* **Data provided**
▬▬▬▬▬▬▬▬▬▬

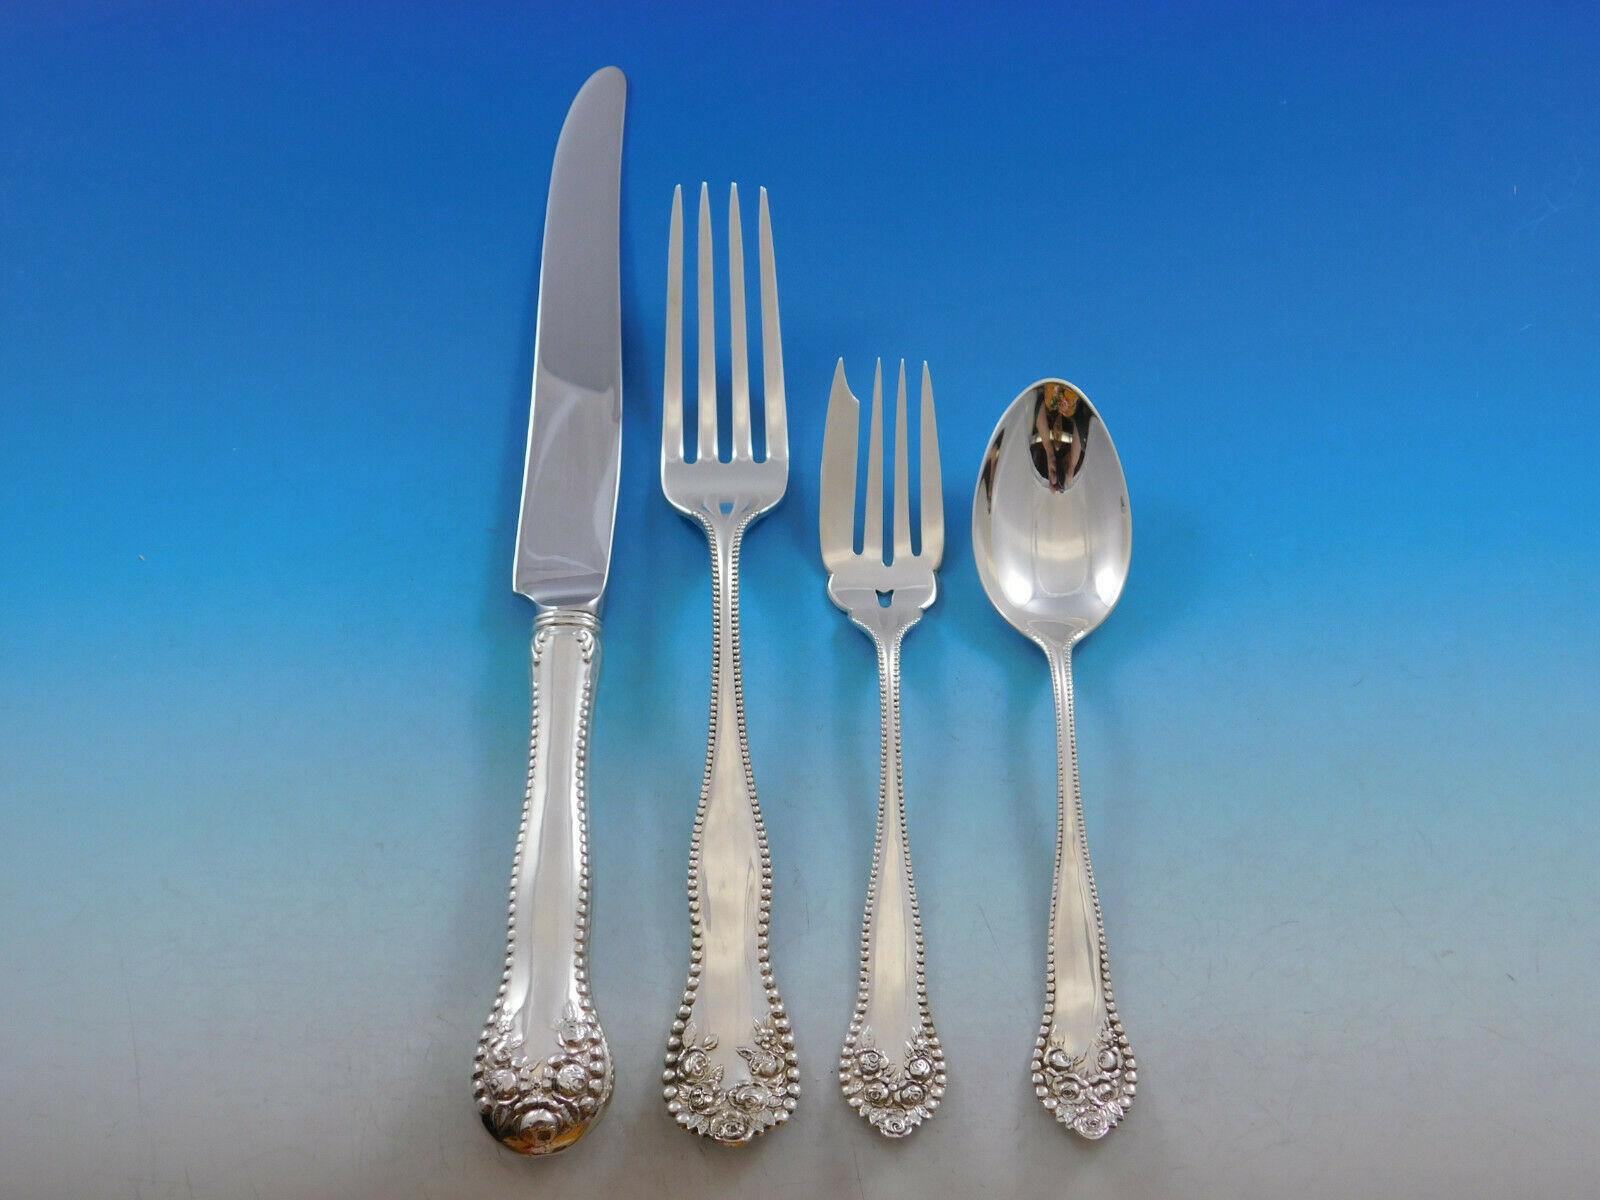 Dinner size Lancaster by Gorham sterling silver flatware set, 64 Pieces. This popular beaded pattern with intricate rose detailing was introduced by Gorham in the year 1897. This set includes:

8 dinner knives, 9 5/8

▬▬▬▬▬▬▬▬▬▬

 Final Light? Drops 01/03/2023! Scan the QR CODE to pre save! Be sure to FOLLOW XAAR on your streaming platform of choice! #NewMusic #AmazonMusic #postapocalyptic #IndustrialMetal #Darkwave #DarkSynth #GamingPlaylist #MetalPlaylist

▬▬▬▬▬▬▬▬▬▬

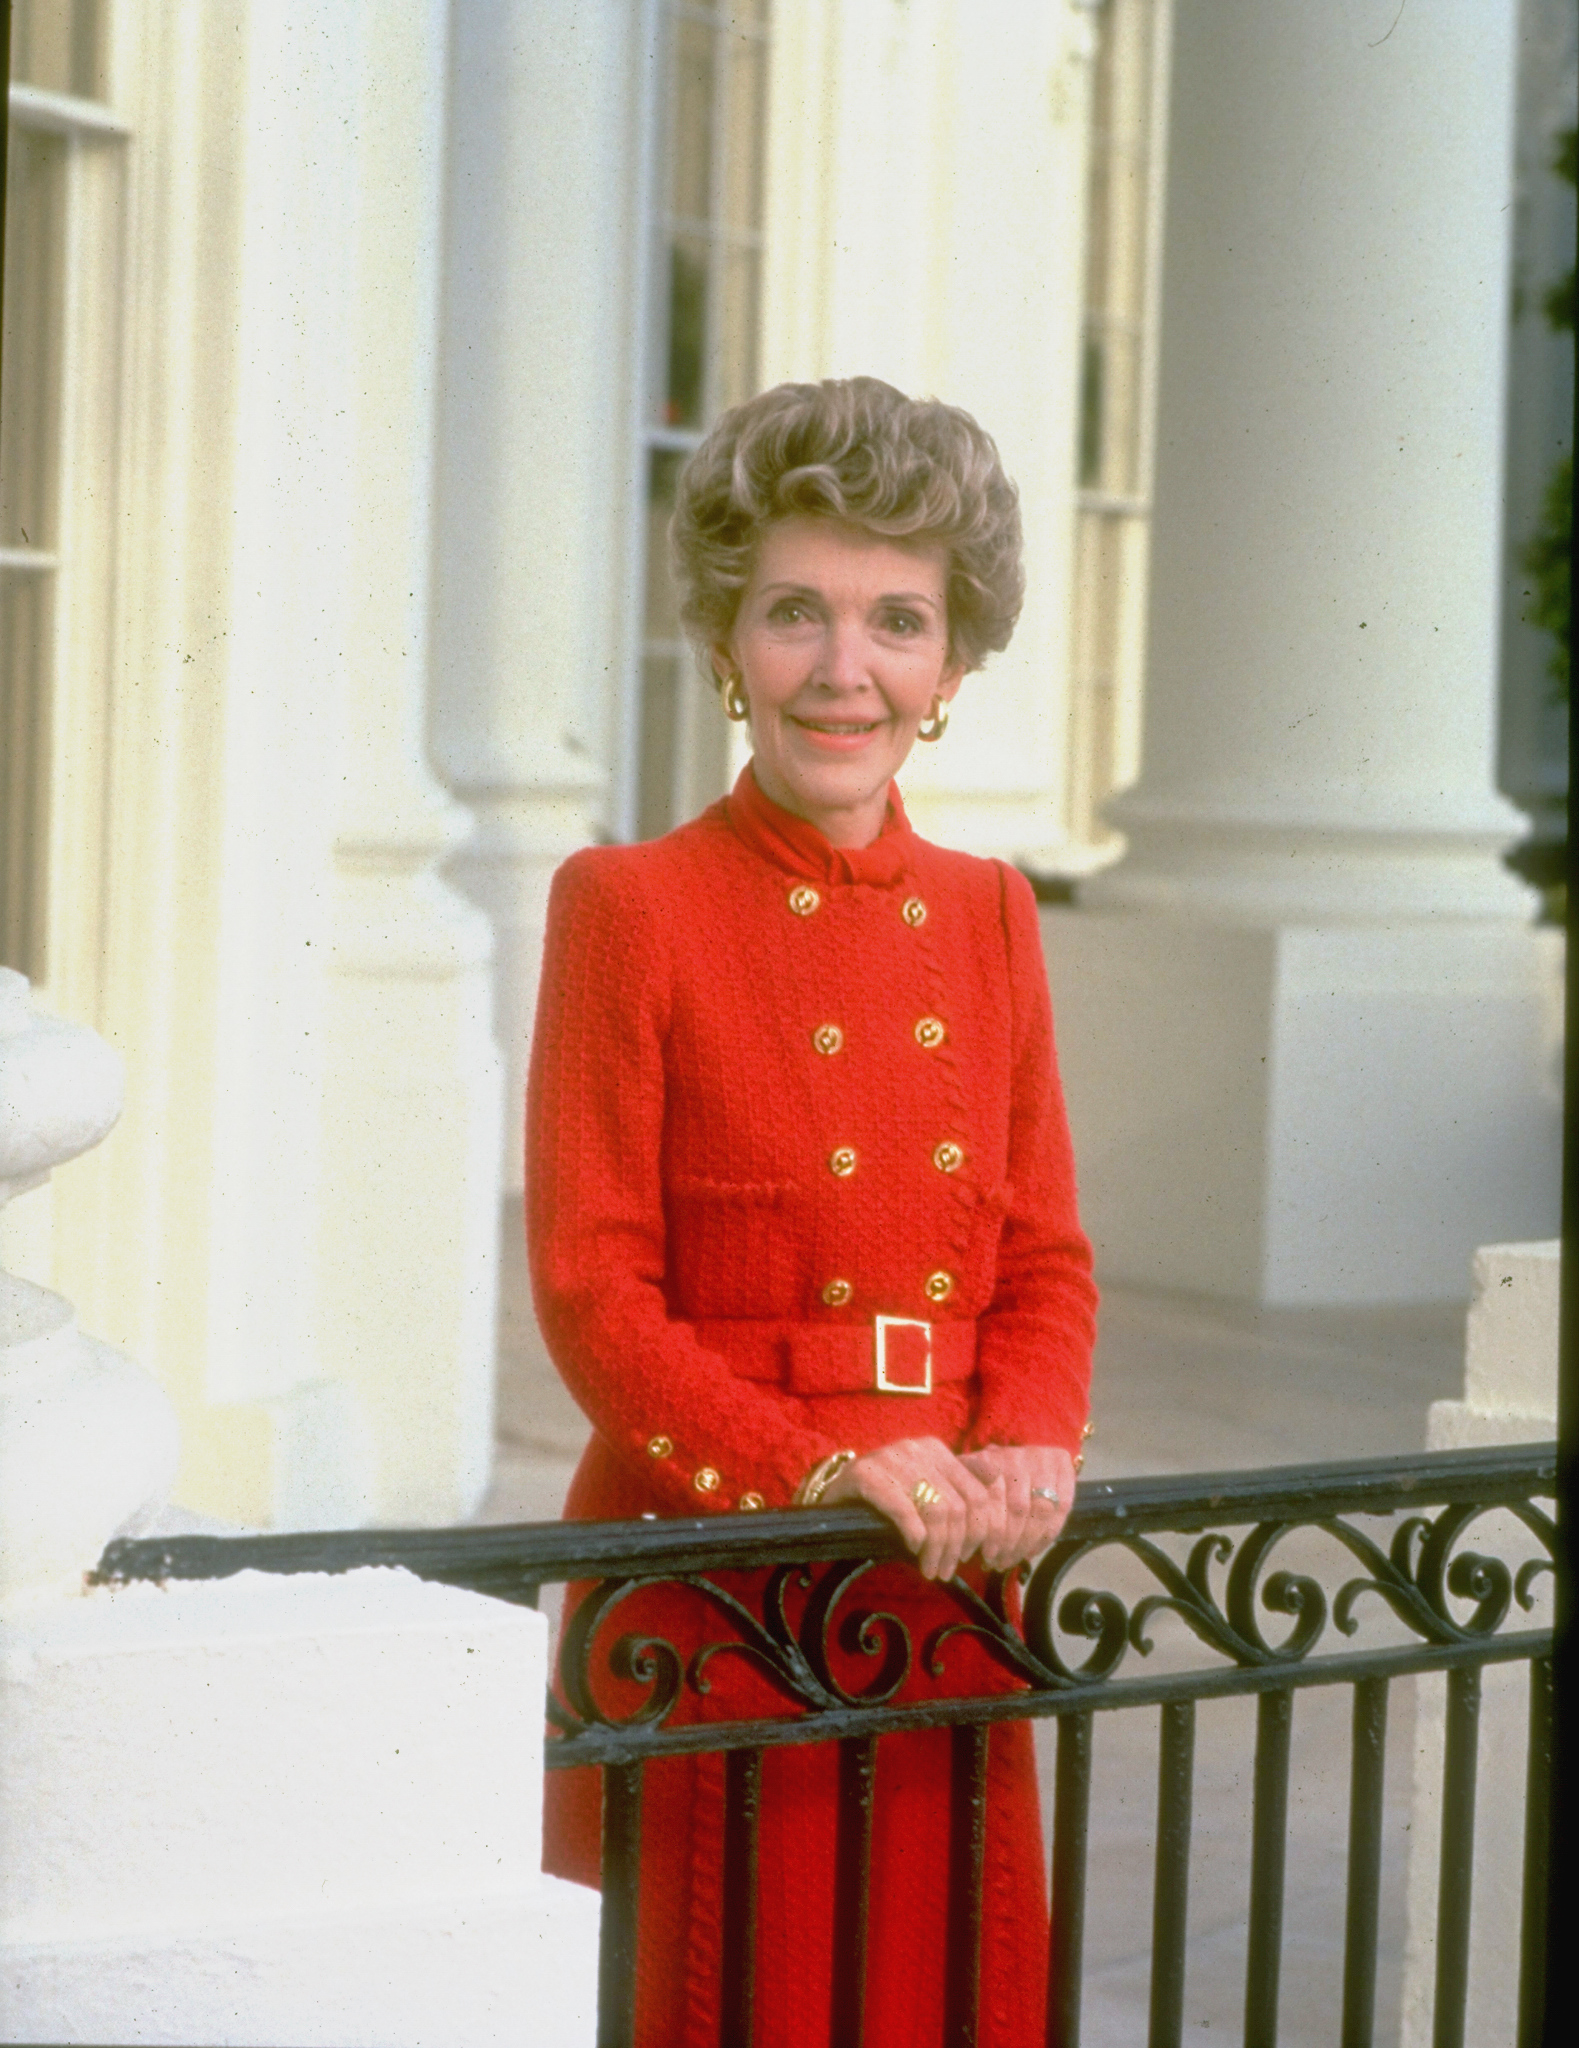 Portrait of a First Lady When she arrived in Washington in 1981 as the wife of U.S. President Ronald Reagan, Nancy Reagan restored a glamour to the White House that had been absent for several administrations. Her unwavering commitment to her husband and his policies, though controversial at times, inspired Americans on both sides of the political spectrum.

▬▬▬▬▬▬▬▬▬▬

A clean copy is needed of the lines in the listing above from the one with "Dinner size Lancaster" through the one with "8 dinner knives, 9 5/8", exact in every word and free of pictures.

 Dinner size Lancaster by Gorham sterling silver flatware set, 64 Pieces. This popular beaded pattern with intricate rose detailing was introduced by Gorham in the year 1897. This set includes:

8 dinner knives, 9 5/8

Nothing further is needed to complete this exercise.